Elisabethszell is a parish village (Pfarrdorf) in the municipality of Haibach in the Lower Bavarian county of Straubing-Bogen in Germany.

== History ==
In 1346 in the place then known as Atzenzell, which belonged to the parish (Pfarrei) of Haselbach, a priory of Benedictine abbey of Oberalteich was established. It existed, with interruptions, until church land in Bavaria was seized in 1803.

In 1498 the Benedictines were driven out by the Paulsdorfs at Falkenfels Castle. It was the Countess of Schwarzenberg, who had inherited Elisabethszell from her forebears, who allowed Oberalteich Abbey to buy back the priory estates for a moderate sum in 1621, whereupon the clergy returned to Elisabethszell.

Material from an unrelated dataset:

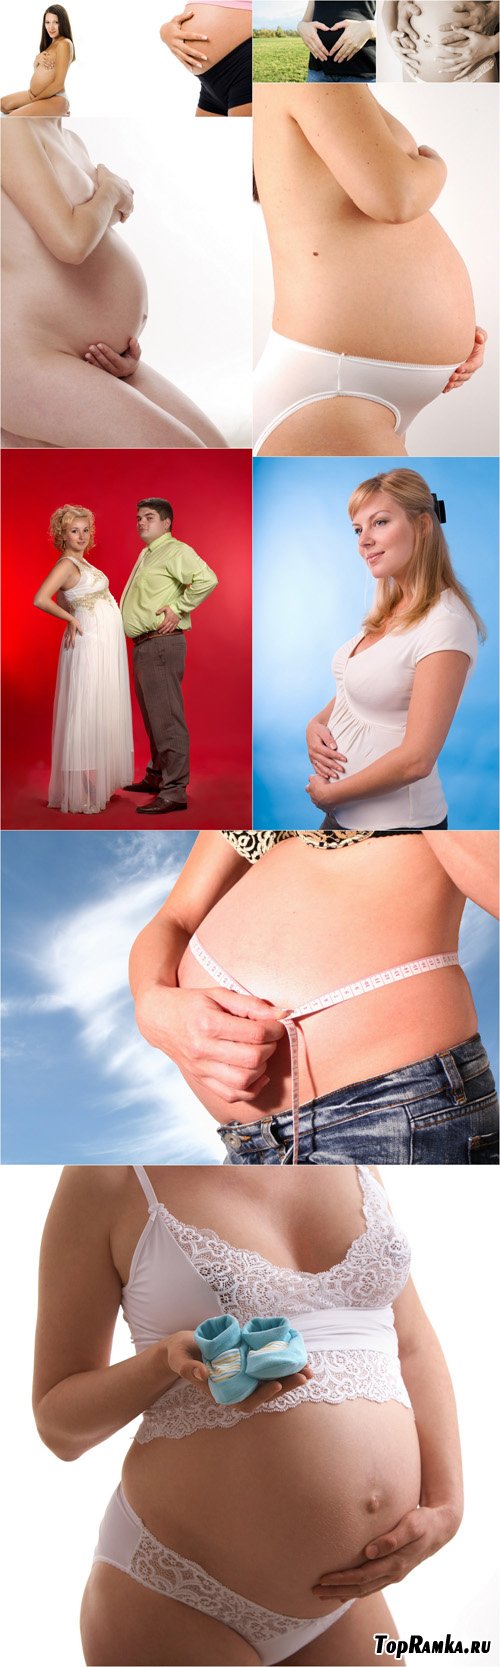 Photo Cliparts - Pregnant woman
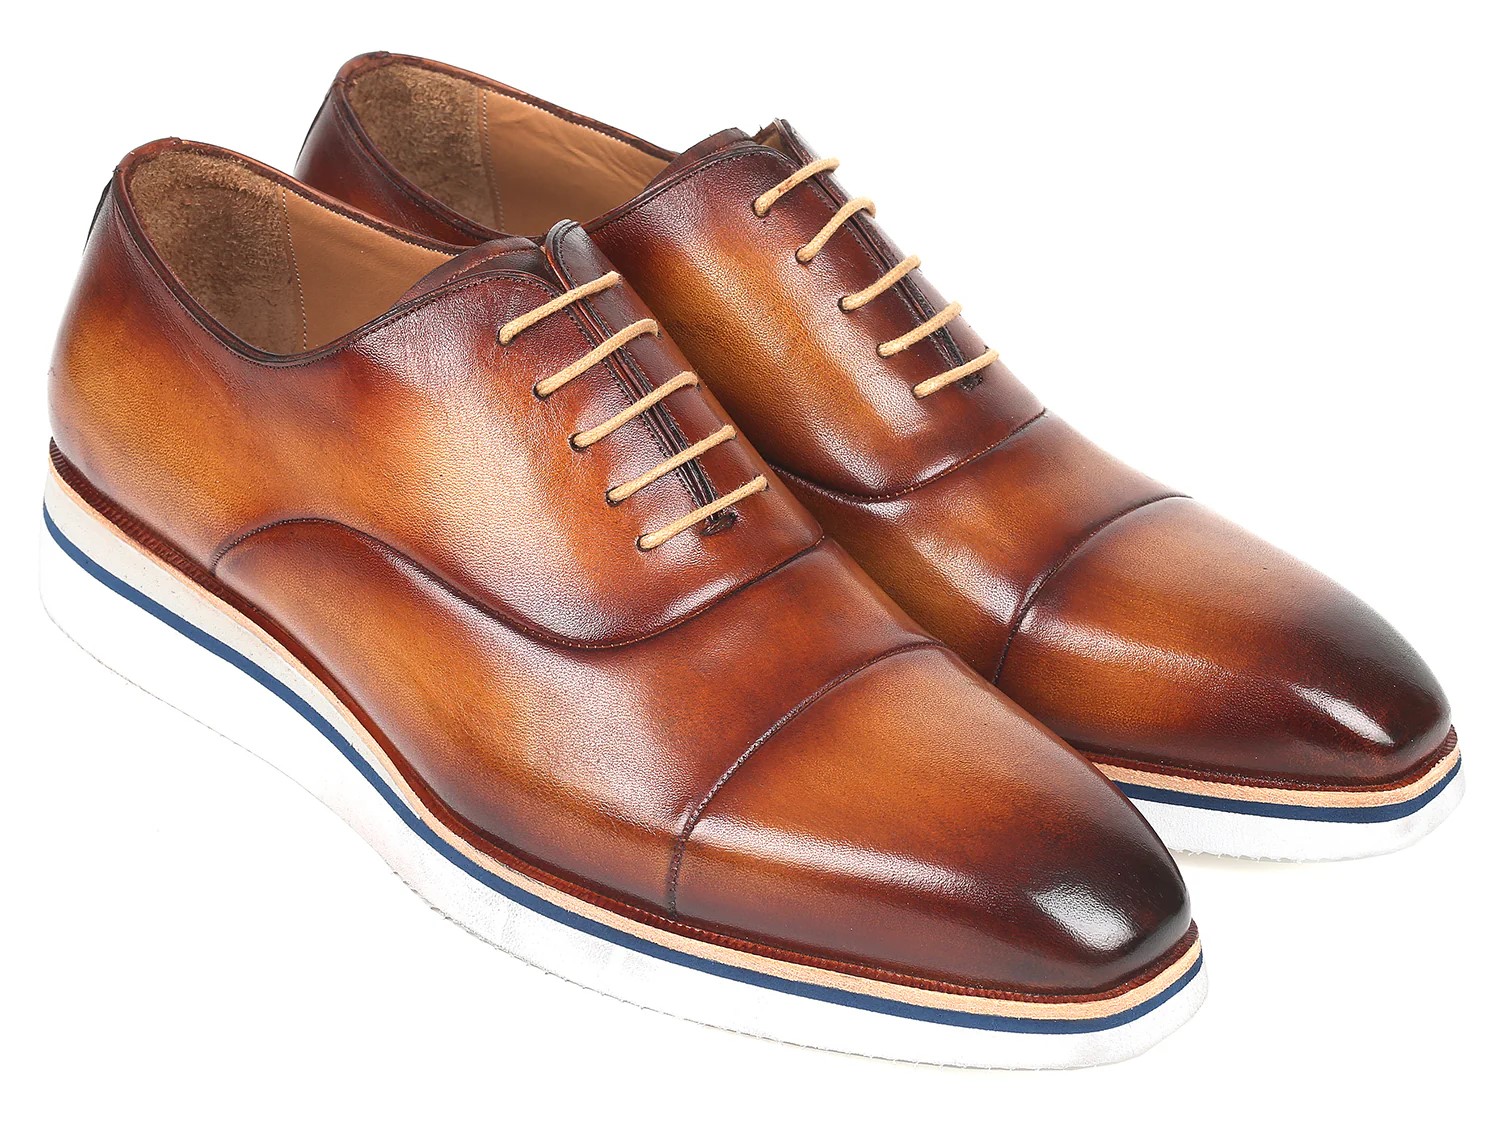 Paul Parkman Brown / Camel Genuine Leather Men's Smart Oxford Casual Shoes 185-BRW-LTH

Secularisation in Bavaria in 1803 marked the end of the priory at Elisabethszell. In 1805, Elisabethszell, hitherto part of the parish of Haselbach, became an independent parish. The priory was given by the state to the municipality of Elisabethszell for the establishment of a school. On 11 July 1877 the newly built parish church was consecrated by Bishop Ignatius von Senestrey.

The old cemetery was closed in 1967 and turned into a car park in the 1970s. A new cemetery was created above the Pfarrhof. With municipal reforms in Bavaria, the former municipality of Elisabethszell lost its independence and was incorporated on 1 January 1978 into Haibach.

=== Population growth ===

| Jahr | 1840 | 1867 | 1871 | 1885 | 1900 | 1925 | 1950 | 1961 | 1970 | 1987 |
|---|---|---|---|---|---|---|---|---|---|---|
| Population of the Pfarrdorf of Elisabethszell^{[citation needed]} |  |  | 220 | 242 | 255 | 230 | 289 | 227 | 264 | 292 |
| Population of the municipality of Elisabethszell | 745 | 776 | 776 | 825 | 821 | 840 | 906 | 774 | 745 |  |

== Sights ==
- Parish church of St. Elisabeth. It was built from 1834 to 1837 to replace a demolished predecessor church. The church furnishings were completed between 1870 and 1875.

== Societies ==
- Elisabethszell Volunteer Fire Service (Freiwillige Feuerwehr Elisabethszell), founded in 1878.